What is expected → Data follows below. Repeat exactly the lines between the line holding "Wii Mii Mii a meme by me by rangeTE" and the line holding "25 unique professional", inclusive, and nothing more; drop pictures.

Input →
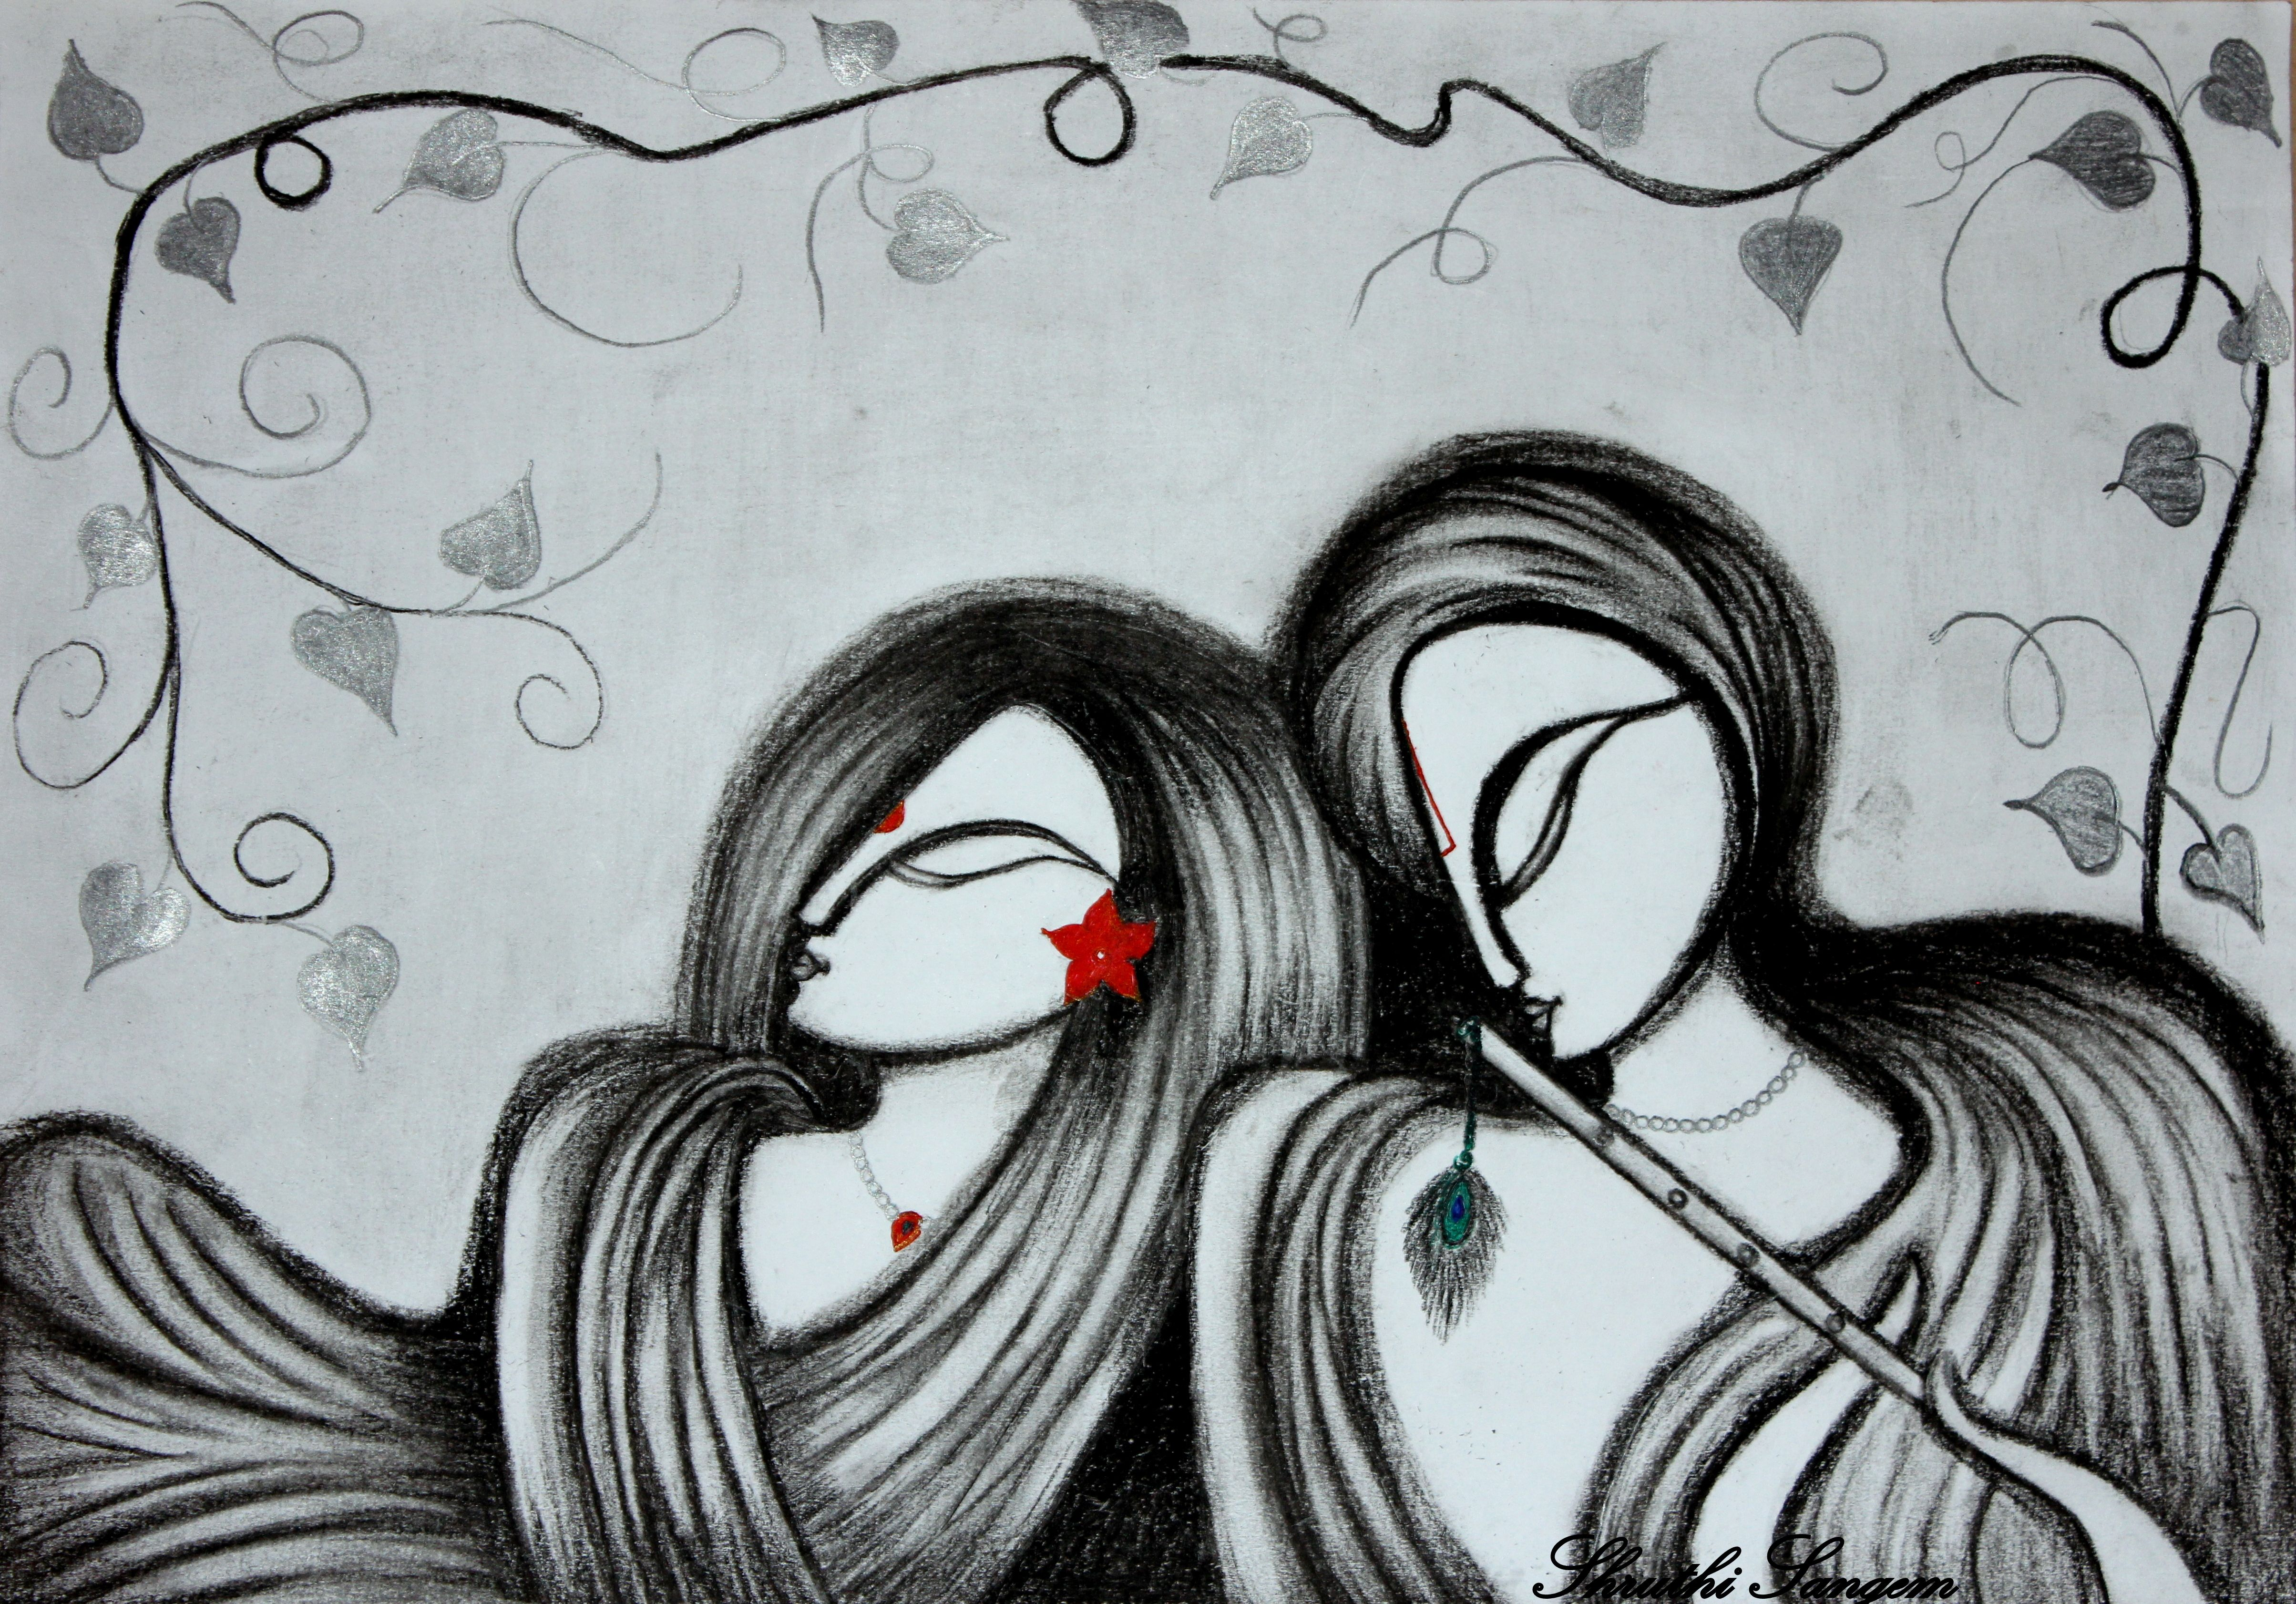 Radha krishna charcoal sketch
* * *
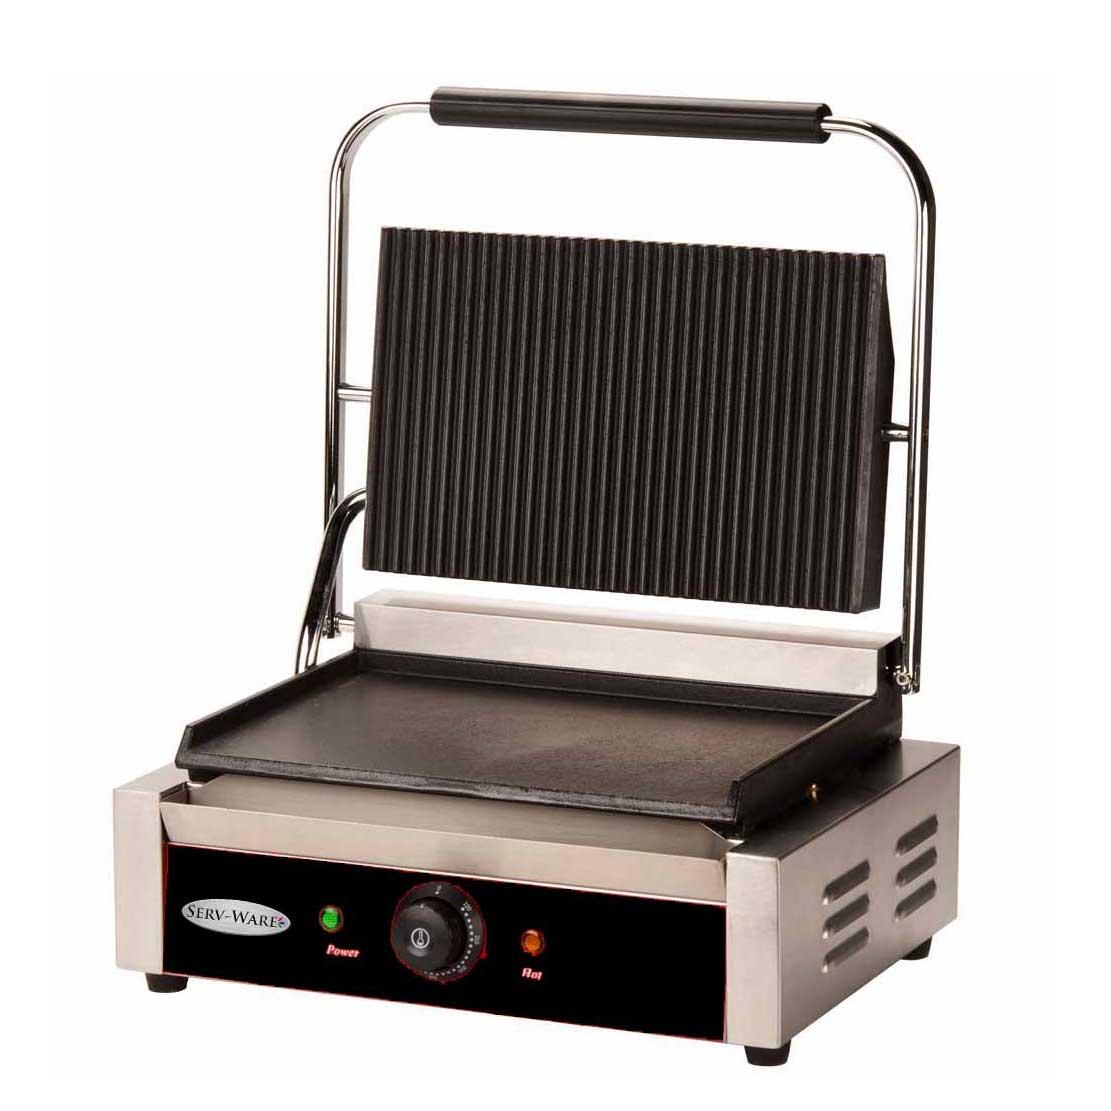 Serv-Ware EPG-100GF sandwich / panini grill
...
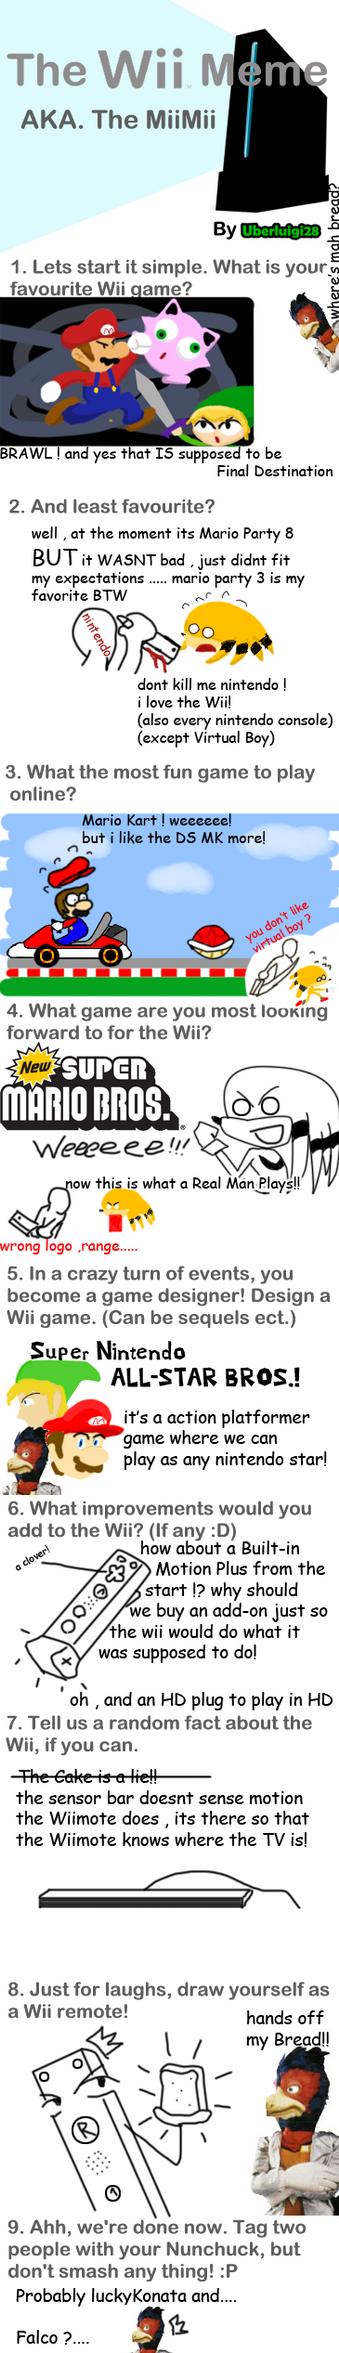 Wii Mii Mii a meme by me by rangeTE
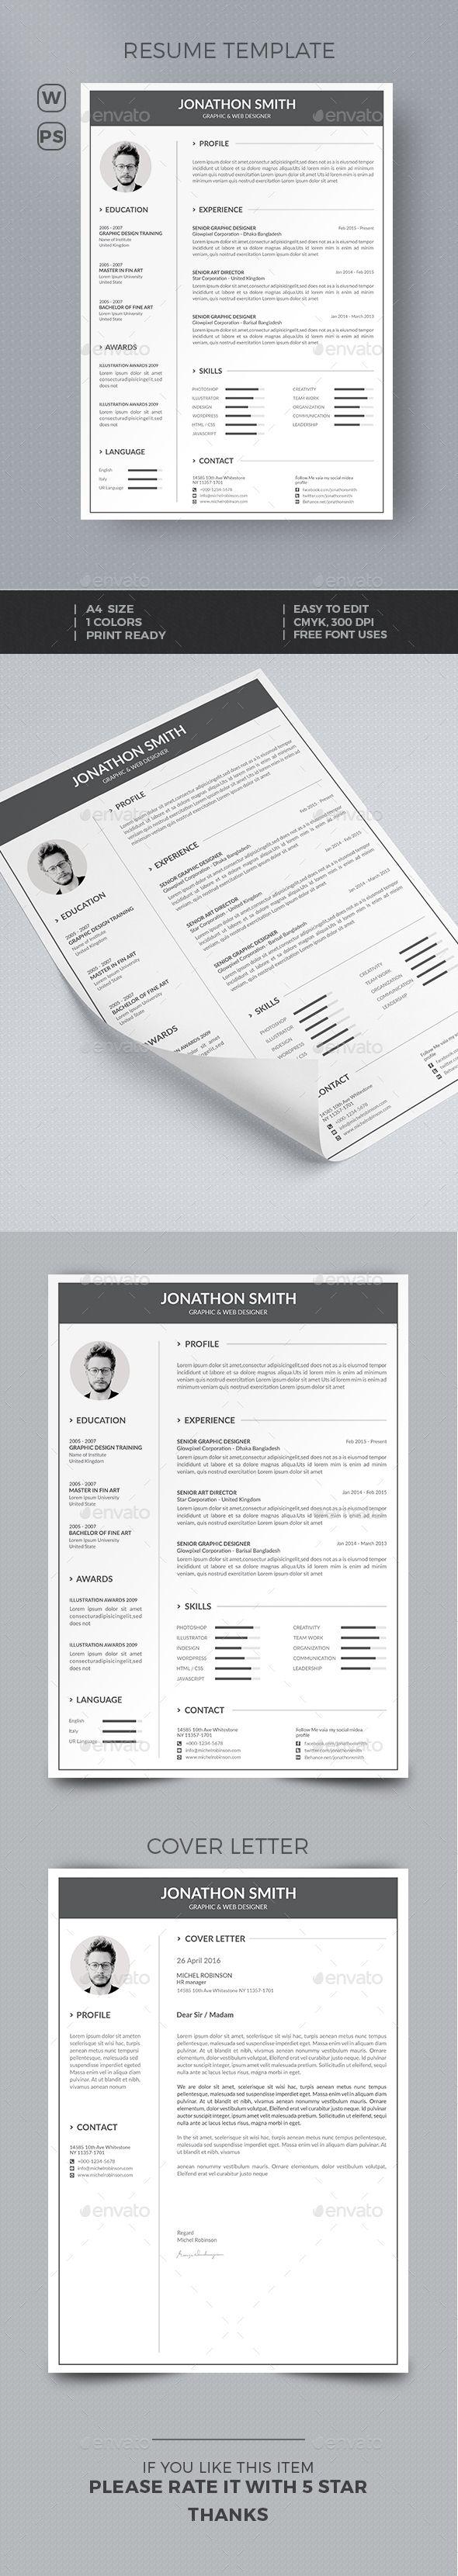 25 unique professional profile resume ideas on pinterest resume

Reply to the exercise →
 Wii Mii Mii a meme by me by rangeTE
 25 unique professional profile resume ideas on pinterest resume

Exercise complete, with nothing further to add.